Project Summary The universally present environmental pollutant benzo[a]pyrene (BaP) has been recently described as transgenerational bone toxicant. Average human exposure doses induced skeletal and cardiovascular defects in the ancestrally exposed offspring in fish models. Cross-generational inheritance of disease susceptibilities in response to environmental stressors is of current concern and needs to be addressed to re-assess the population risk for various diseases, such as cancer, diabetes, osteoporosis or cardiovascular impairments. However, the understanding of the underlying mechanisms, affected molecular pathways and their subsequent impacts on the offspring is not yet conclusive. Deciphering the role of DNA methylation and histone marks in phenotype inheritance is imperative to address the next generations’ health. The long-term goal is preventive and therapeutic tool development to better assess, avert, and mitigate osteoporotic fracture risks, eventually reducing human disease susceptibilities due to parental exposures to environmental pollutants. This project is designed to address the central hypothesis that parental BaP-exposure deregulates osteoblast gene expression during critical windows of cell differentiation through a modified DNA methylation profile. To test this hypothesis, parental BaP- exposure induced methylation pattern (SA2) and miRNA level changes (SA1), and the developmental onset of adult bone impairment (SA1) will be studied in three different osteoblast subpopulations. The characterization of the genetic and epigenetic profile of the osteoblast cells at different maturation stages will allow to pinpoint critical windows for later bone mineral density impairment employing the unique medaka fish bone model. This study aligns closely with NIEHS mandate to advance environmental health sciences through enhanced understanding of molecular pathways targeted by environmental pollutants. Discriminating epigenetic marks and genes associated with cross-generational toxicology, the proposed research provides a platform for the development of prognostic/diagnostic tools to identify the risks of adverse effects of parental chemical exposure. Further, this study, in alignment with the goal of the AREA program, provides a unique opportunity for undergraduate students of a minority serving institution to gain research experience in the field of biomedical sciences.

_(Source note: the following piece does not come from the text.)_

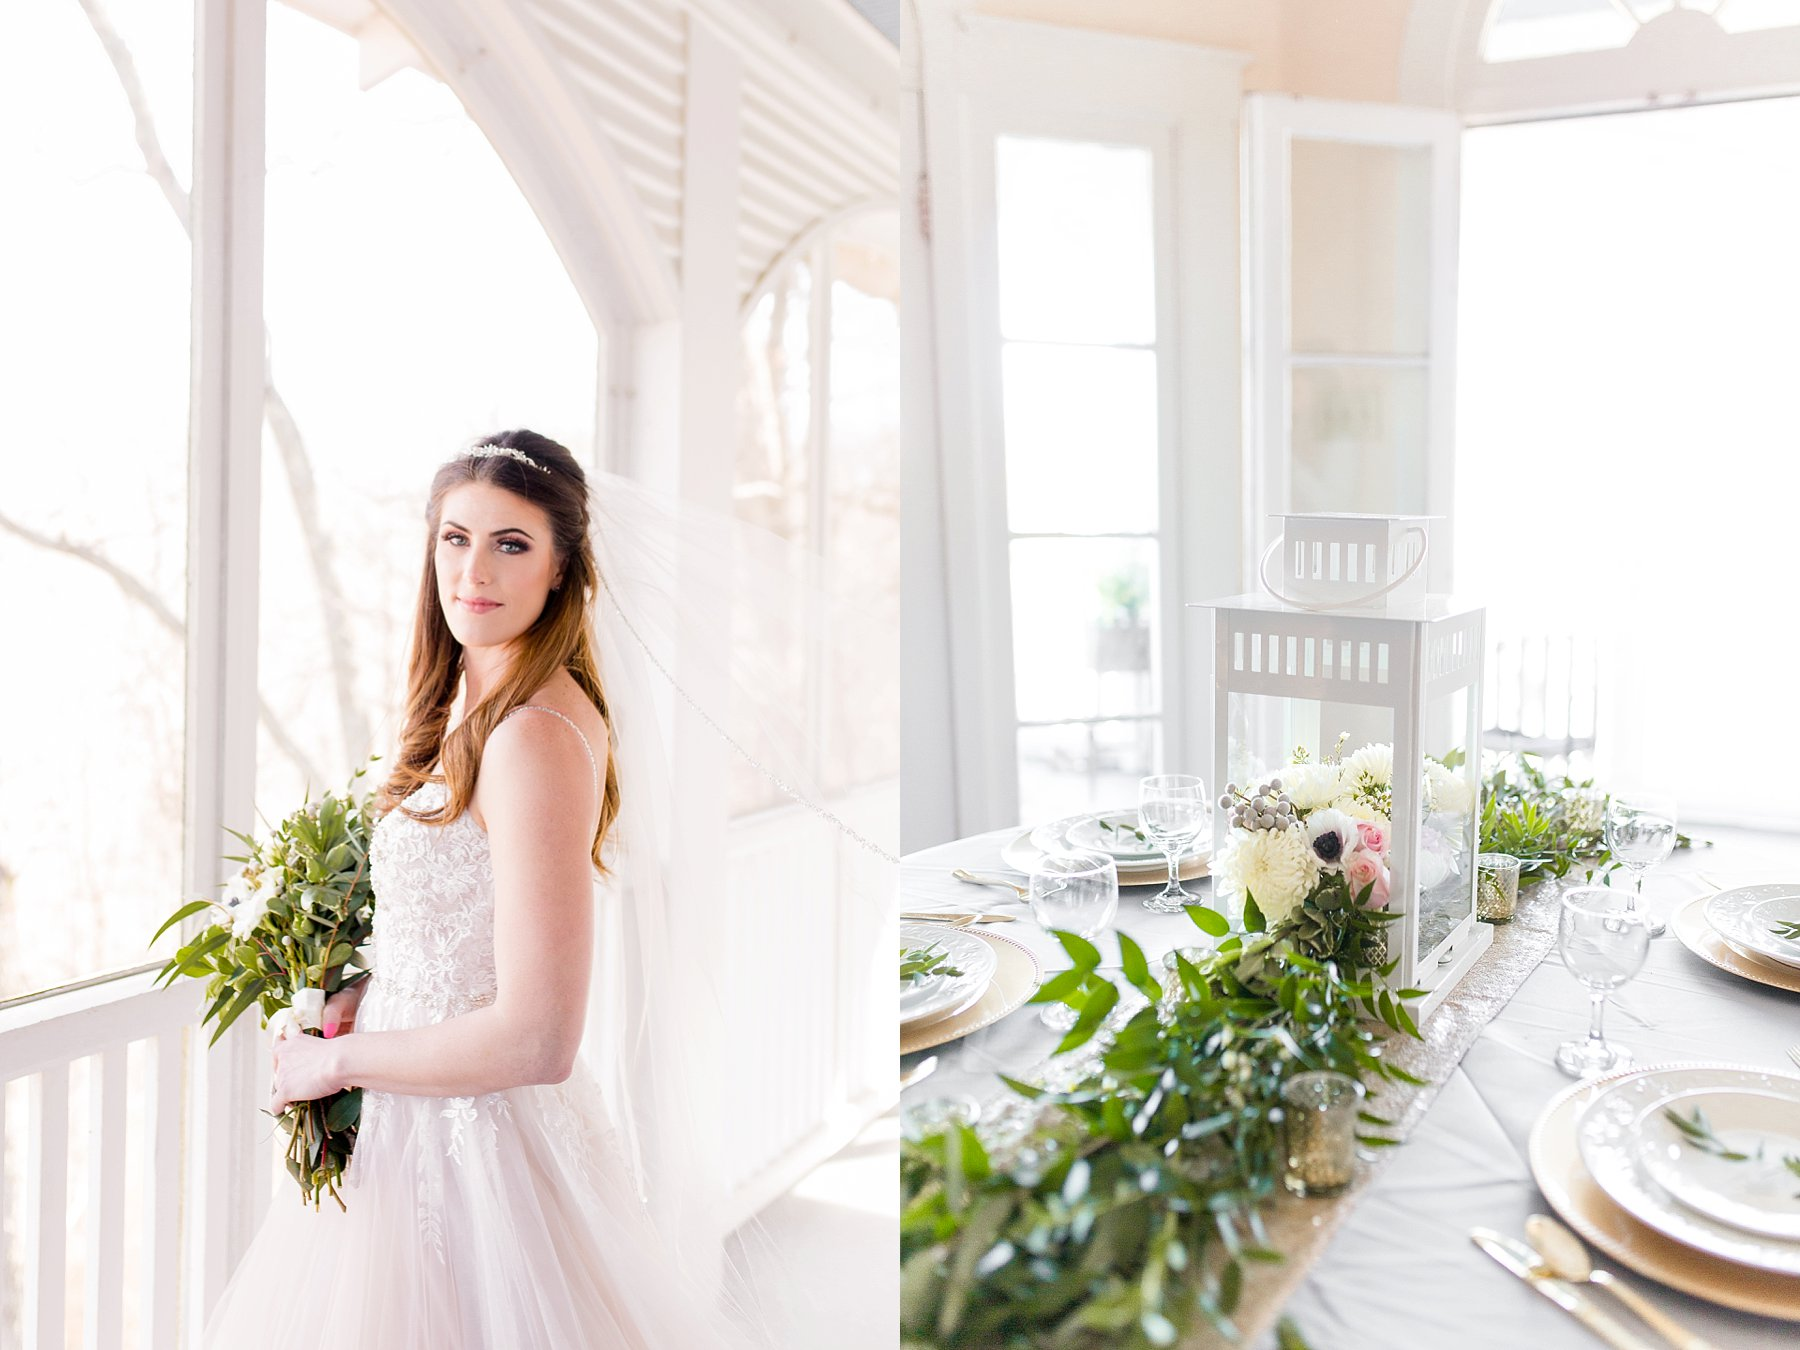 photographer_wedding_saint_louis_Kansas_City_Photography_Videography_workshop_training_styled_engagement_Lake_Ozark_KC_MO_STL_Rolla_Hermann_Saint_James_0434.jpg

项目概要 普遍存在的环境污染物苯并[a]芘（BaP）最近被 被描述为跨代骨毒物，人类平均暴露剂量会引起骨骼损伤。 鱼类模型中祖先暴露的后代的心血管缺陷。 对环境压力因素的疾病易感性遗传是当前关注的问题 并需要重新评估人口罹患各种疾病的风险，例如癌症、 糖尿病、骨质疏松症或心血管疾病。 潜在的机制、受影响的分子途径及其对 后代中 DNA 甲基化和组蛋白标记的作用尚未定论。 非凡的传承对于解决下一代的健康问题至关重要。 是预防和治疗工具的开发，以更好地评估、避免和减轻骨质疏松症 骨折风险，最终降低由于父母接触而导致的人类疾病易感性 该项目旨在解决以下中心假设： 亲代 BaP 暴露会在细胞关键窗口期解除成骨细胞基因表达的调节 通过修改 DNA 甲基化谱进行分化 为了检验这一假设，亲代 BaP-。 暴露诱导的甲基化模式 (SA2) 和 miRNA 水平变化 (SA1)，以及 将在三种不同的成骨细胞中研究成人骨损伤（SA1）的发育起始 成骨细胞的遗传和表观遗传特征的表征。 在不同的成熟阶段将能够确定后期骨矿物质密度的关键窗口 这项研究与 NIEHS 密切相关。 任务是通过加深对环境健康科学的了解来推进环境健康科学 环境污染物靶向的分子途径和识别表观遗传标记。 与跨代毒理学相关的基因，拟议的研究提供了一个平台 开发预测/诊断工具来识别不良影响的风险 此外，本研究与 AREA 计划的目标一致， 为少数族裔服务机构的本科生提供了获得知识的独特机会 生物医学科学领域的研究经验。